Your original command

crunch 3 3 aA -d 1@

specifies aA as "lower case characters" set. Yes, you did tell crunch that A was a "lower case
character". Now -d :

-d numbersymbol
Limits the number of duplicate characters. -d 2@ limits the lower case alphabet to output
like aab and aac . aaa would not be generated as that is 3 consecutive letters of a . The
format is number then symbol where number is the maximum number of consecutive
characters and symbol is the symbol of the the character set you want to limit i.e. @,%^
[…]

So you told crunch that any "lower case character" (from your set, i.e. a or A ) can appear at
most 1 time in a row. And indeed the output you got contains neither aa nor AA .

Sometimes it's useful to forget about "lower case characters" etc., to think in terms of "set N"
instead. The manual seems to be fixed on the premise that "lower case characters" should all be
lower case and so on. Still (at least in Ubuntu) there is a file /usr/share/crunch/charset.lst which
can be used with -f ; it defines various sets that mix the four basic sets or their fragments. This
strongly suggests any set acting as "lower case characters" (or "symbols", or …) is silently
supported.

So if you need to generate strings so the first character is a , 0 or ( and the second character is
a , 1 or ) , then this is the way to go:

crunch 2 2 'a0(' 'a1)' -t @,

Try it. Notice aa appears in the output, but it's neither " a from the first set twice", nor " a from the
second set twice". The pattern @, guarantees the first a is from the first set and the second a is
from the second set. However this distinction is not so strict when -d is involved. The command

crunch 2 2 'a0(' 'a1)' -t @, -d 1@

will not generate aa . This observation leads to the following trick:

crunch 3 3 aA a -d 1,

The output is:

aAa
aAA
AaA
AAa
AAA

which is almost what you wanted. The mechanism seems to be like this:

1. There is no -t , so the tool uses the first set only.

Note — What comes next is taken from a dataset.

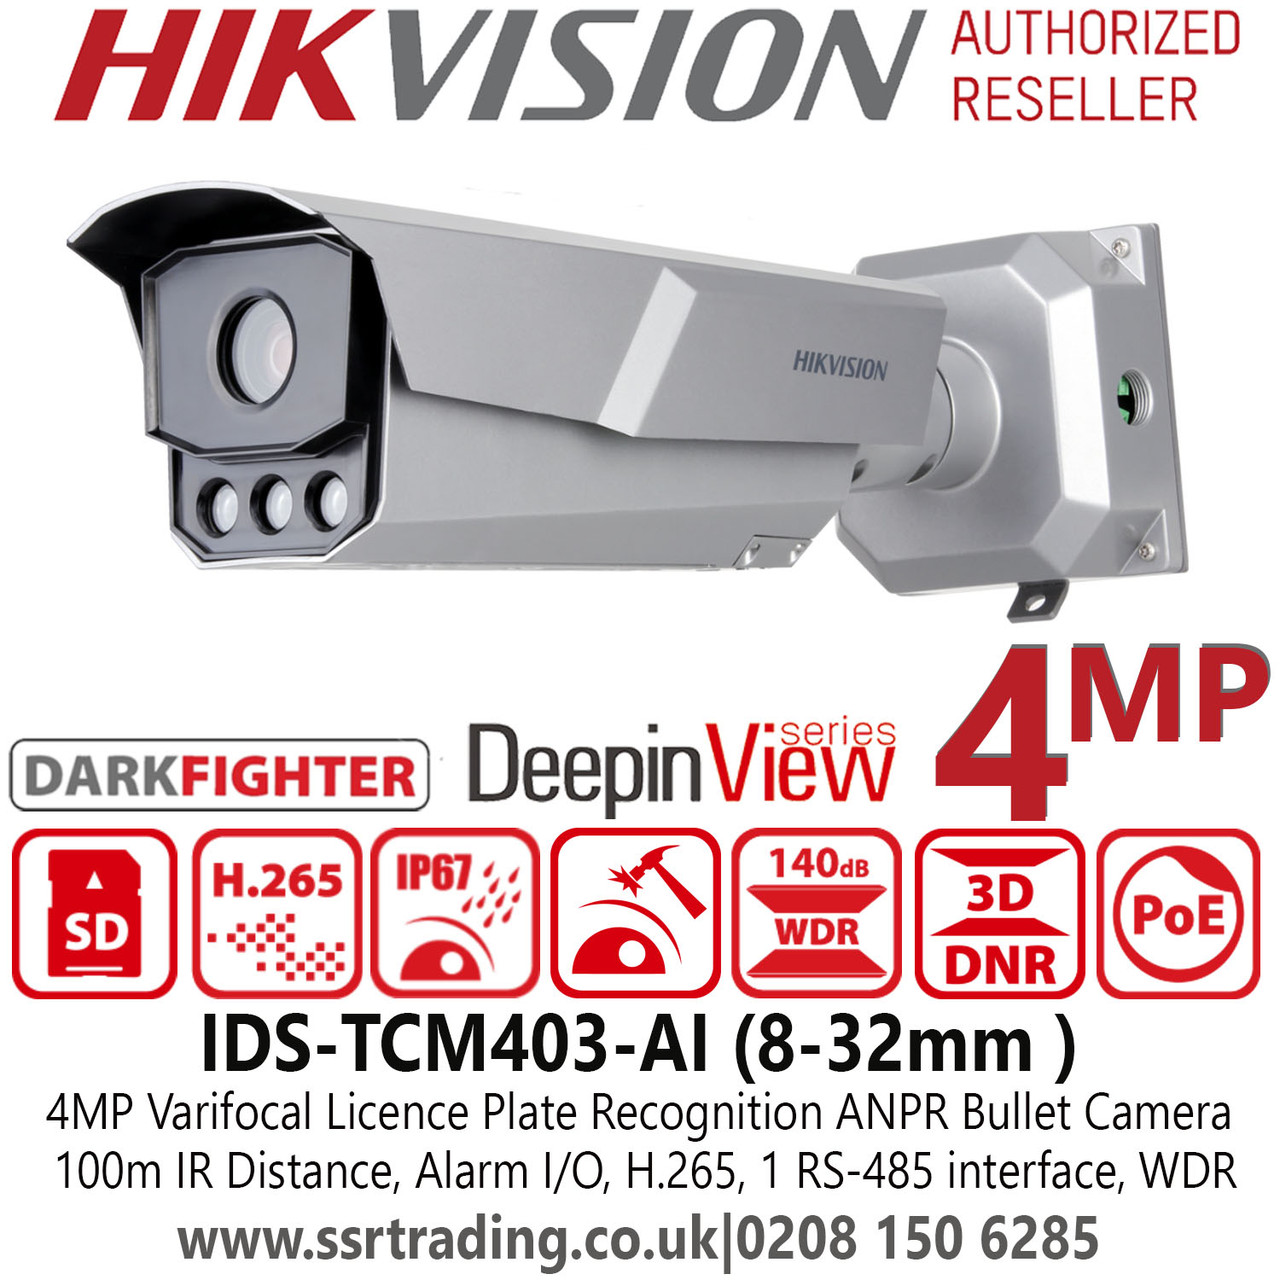 Hikvision 4MP Darkfighter Varifocal Lens Licence Plate Recognition ANPR  Bullet Camera - 100m IR Range - Alarm I/O - IDS-TCM403-AI (8-32mm)

2. It generates all possible outputs (like crunch 3 3 aA ).
3. It discards lines that contradict -d 1, . This option says there cannot be aa in the output. It
doesn't matter the option refers to the second set and all the output comes from the first set.
No aa . Period.

You didn't anticipate aAa because you misinterpreted -d 1@ as "limiting the number of duplicates",
while it's "limiting the number of consecutive duplicates".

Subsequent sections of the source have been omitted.